DESCRIPTION OF THE TASK: Reproduce each line from the first in the data through the line that contains "Broken fir tree in the forest by wander" exactly; give nothing else.

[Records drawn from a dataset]

····················

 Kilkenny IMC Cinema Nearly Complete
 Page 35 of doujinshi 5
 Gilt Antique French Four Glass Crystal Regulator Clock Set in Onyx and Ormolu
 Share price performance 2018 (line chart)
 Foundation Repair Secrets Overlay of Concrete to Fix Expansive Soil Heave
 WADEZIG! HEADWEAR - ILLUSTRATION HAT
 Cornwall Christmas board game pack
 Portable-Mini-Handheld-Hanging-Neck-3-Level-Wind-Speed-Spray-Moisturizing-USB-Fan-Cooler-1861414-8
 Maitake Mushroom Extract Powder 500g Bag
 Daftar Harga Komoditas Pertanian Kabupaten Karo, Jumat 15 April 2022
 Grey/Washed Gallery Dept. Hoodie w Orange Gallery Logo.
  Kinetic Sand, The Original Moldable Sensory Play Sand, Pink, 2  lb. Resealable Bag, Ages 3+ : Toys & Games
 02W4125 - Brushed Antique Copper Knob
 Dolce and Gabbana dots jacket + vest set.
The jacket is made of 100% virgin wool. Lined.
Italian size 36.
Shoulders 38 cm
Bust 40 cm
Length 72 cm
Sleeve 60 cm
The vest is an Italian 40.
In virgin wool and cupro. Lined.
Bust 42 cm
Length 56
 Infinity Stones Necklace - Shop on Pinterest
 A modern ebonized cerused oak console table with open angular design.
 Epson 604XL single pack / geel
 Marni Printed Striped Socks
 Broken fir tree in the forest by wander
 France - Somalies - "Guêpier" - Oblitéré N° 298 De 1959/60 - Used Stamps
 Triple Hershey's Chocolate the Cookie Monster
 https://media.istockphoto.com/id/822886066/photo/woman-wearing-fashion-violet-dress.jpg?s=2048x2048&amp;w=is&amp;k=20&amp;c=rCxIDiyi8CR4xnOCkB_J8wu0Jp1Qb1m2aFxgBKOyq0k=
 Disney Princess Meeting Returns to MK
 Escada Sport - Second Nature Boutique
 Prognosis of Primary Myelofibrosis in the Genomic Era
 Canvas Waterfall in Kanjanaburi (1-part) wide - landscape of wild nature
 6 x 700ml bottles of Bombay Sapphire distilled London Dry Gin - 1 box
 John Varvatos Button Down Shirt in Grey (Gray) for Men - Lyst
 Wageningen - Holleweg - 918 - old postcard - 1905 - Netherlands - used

····················

PROBLEM SOLUTION:
 Kilkenny IMC Cinema Nearly Complete
 Page 35 of doujinshi 5
 Gilt Antique French Four Glass Crystal Regulator Clock Set in Onyx and Ormolu
 Share price performance 2018 (line chart)
 Foundation Repair Secrets Overlay of Concrete to Fix Expansive Soil Heave
 WADEZIG! HEADWEAR - ILLUSTRATION HAT
 Cornwall Christmas board game pack
 Portable-Mini-Handheld-Hanging-Neck-3-Level-Wind-Speed-Spray-Moisturizing-USB-Fan-Cooler-1861414-8
 Maitake Mushroom Extract Powder 500g Bag
 Daftar Harga Komoditas Pertanian Kabupaten Karo, Jumat 15 April 2022
 Grey/Washed Gallery Dept. Hoodie w Orange Gallery Logo.
  Kinetic Sand, The Original Moldable Sensory Play Sand, Pink, 2  lb. Resealable Bag, Ages 3+ : Toys & Games
 02W4125 - Brushed Antique Copper Knob
 Dolce and Gabbana dots jacket + vest set.
The jacket is made of 100% virgin wool. Lined.
Italian size 36.
Shoulders 38 cm
Bust 40 cm
Length 72 cm
Sleeve 60 cm
The vest is an Italian 40.
In virgin wool and cupro. Lined.
Bust 42 cm
Length 56
 Infinity Stones Necklace - Shop on Pinterest
 A modern ebonized cerused oak console table with open angular design.
 Epson 604XL single pack / geel
 Marni Printed Striped Socks
 Broken fir tree in the forest by wander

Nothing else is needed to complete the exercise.